The function drupal_html_to_text does not handle the situation where there are newlines in the link text. For example, given the test sequence:

$html_text = "<a href=\"http://some.url\">Link \ntext</a>";
$plain_text = drupal_html_to_text($html_text);

We get:

Link text

when we should get:

Link text [1]

[1] http://some.url

The proposed simple fix is to add the 's' (PCRE_DOTALL) regexp modifier to the relevant pattern: a patch is attached.

For information, the reason I encountered this problem is I was using the 6.4 simplenews module which is effectively still in beta stage. I was providing it with a long string of HTML text (without any nl's) for emailing as html mail, and in this case also a plain text segment needs to be included in the resulting multipart email message (a routine called simpletext_html_to_text calls drupal_html_to_text). However various nl's get added and deleted all along the way, in a rather complex way I don't understand, including in the middle of link texts, and at a point when they are present this drupal function gets called with the resulting observed problem of missing footnotes.

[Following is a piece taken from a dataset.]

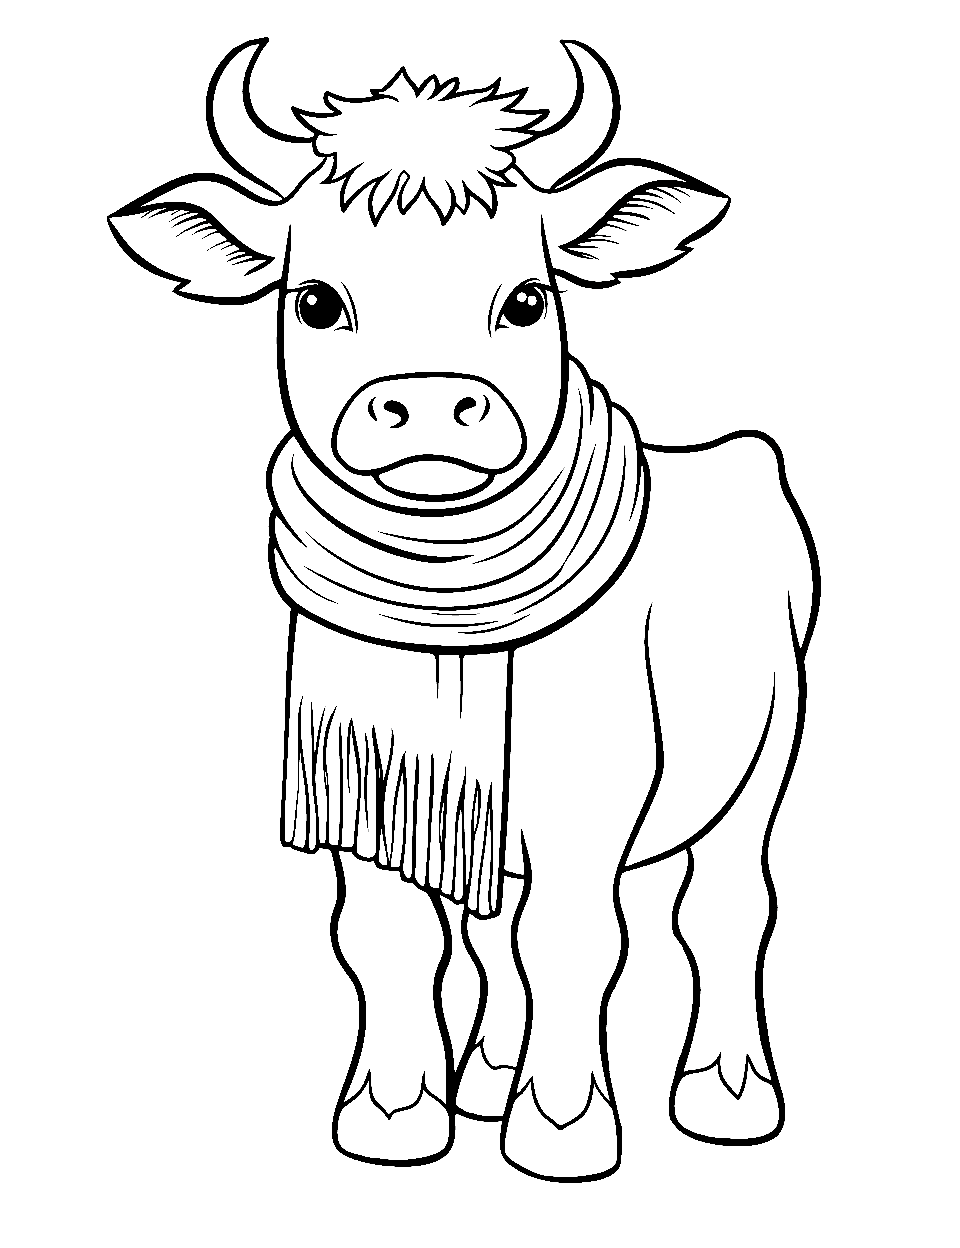 Winter Cow Coloring Page - A cow warmly wrapped in a scarf, standing.

AttachmentSizeStatusTest resultOperations
mail.inc_.fixnl_.patch606 bytesIgnored: Check issue status.NoneNone

Comments

#1

This problem is still around in Drupal 6.15.
I encountered it trying to send multipart/alternative emails using the mimemail module
which uses the function drupal_html_to_text from core internally.

I feel that making that change in core is to be preferred to patching mimemail
which would mean mostly duplicating the functionality of drupal_html_to_text.

#2

Version:6.4» 8.x-dev

Still in D8.